Directions: Return the following from the records below: each line, word for word, starting with the line that contains "Group of graduates" and going on through the line that contains "82 carat antique", with nothing outside that range.

Excerpted records:
--------
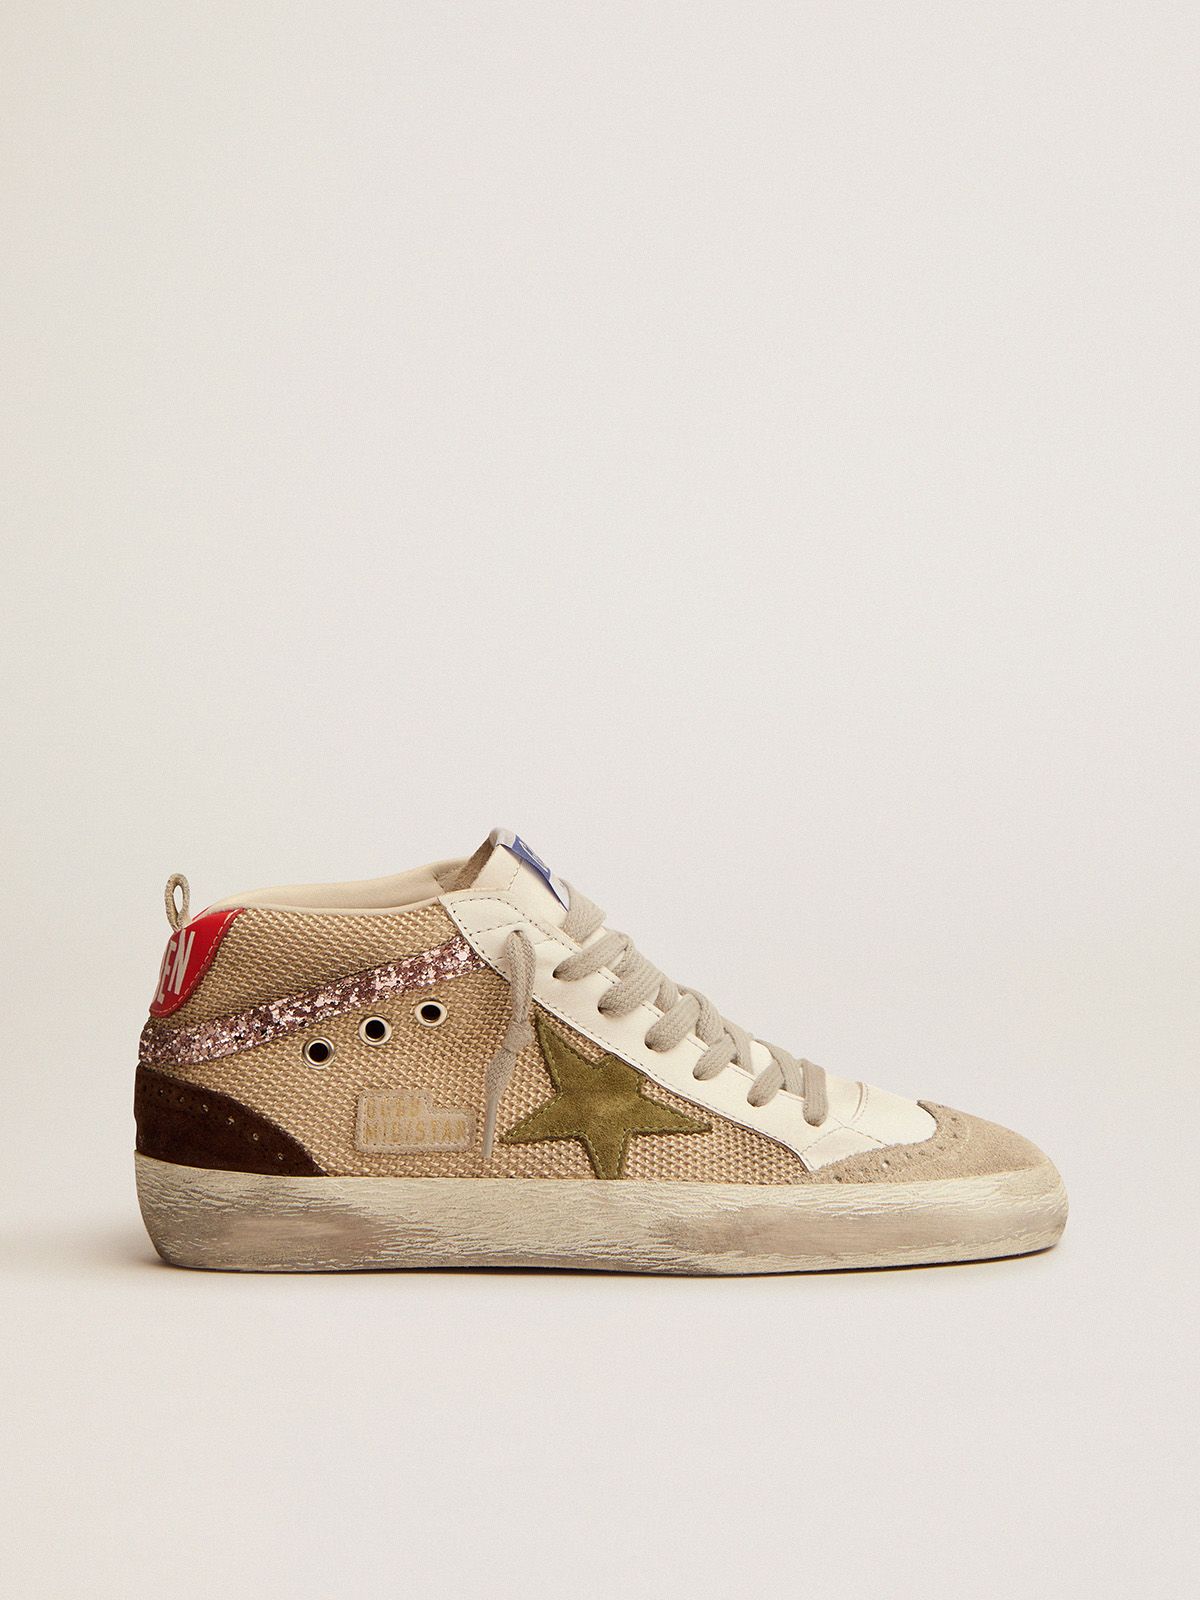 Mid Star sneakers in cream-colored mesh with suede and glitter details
--------
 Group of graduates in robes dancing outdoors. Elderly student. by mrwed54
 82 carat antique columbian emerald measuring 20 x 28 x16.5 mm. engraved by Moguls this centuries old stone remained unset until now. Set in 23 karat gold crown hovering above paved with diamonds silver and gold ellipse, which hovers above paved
--------
Task solution:
 Group of graduates in robes dancing outdoors. Elderly student. by mrwed54
 82 carat antique columbian emerald measuring 20 x 28 x16.5 mm. engraved by Moguls this centuries old stone remained unset until now. Set in 23 karat gold crown hovering above paved with diamonds silver and gold ellipse, which hovers above paved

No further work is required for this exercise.